Alibaba and its various affiliates – most particularly Ant Group – are at their core so startlingly good, that it’s taken this long for the bleeding to show.

And forget the wider geopolitical tension, the economic uncertainty, the regulatory confusion, the State-sponsored bullying or just the absurdly unpredictable deformities these are producing across the Chinese Internet and the formerly dominant e-commerce giant.
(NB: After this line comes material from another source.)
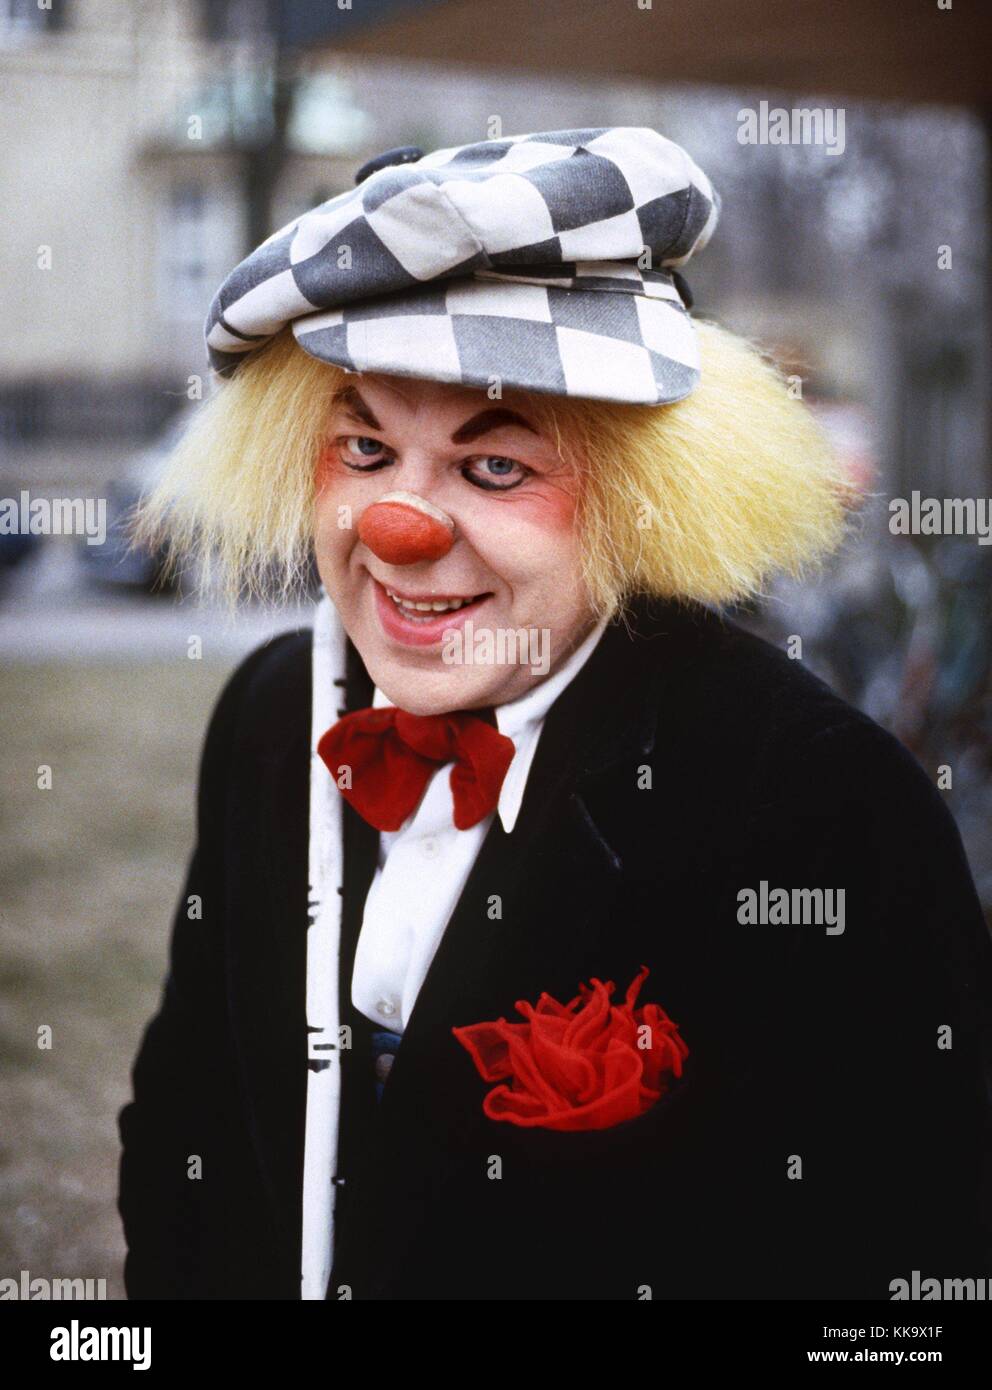 Le clown de cirque d'état de Moscou, Oleg popow, photographié en mars 1980,  Munich. Le cap d'un nœud Papillon rouge, qui sont les marques de son  caractère. Il est né le 31

Because in just the last fortnight BABA has been slapped onto the US Securities and Exchange Commission’s (largely Chinese tech-companies) blacklist which now face a delisting of their shares from Wall Street indices unless they allow American regulators to audit company records.

Since then Ma has popped up saying he’s divesting all his holdings in, and control of Alibaba, Ant Group and all the many many bits and pieces they picked up along the way.

For now, Wall Street’s put its clammy grip around an Alibaba second-quarter profit estimate of US$1.56 a share, on US$30.17B in revenue, possibly tip-toeing into a historic maiden year-on-year revenue slip since it went public.

Even despite this, highly-paid Wall Street analysts suggest there are signs that the Chinese Internet market is stabilising, and that BABA is in a position to lift growth during the rest of this year.

This is both true and messed up.

Following the US$1.15 trillion blood loss across Chinese tech after Xi and He whipped out the knives in late 2020, early 2021, it’s true, there is definitely money to make in Chinese tech.

But no matter what Alibaba’s next move is, the grim medical truth for the once trailblazing giant is clear: Castration is most definitely permanent.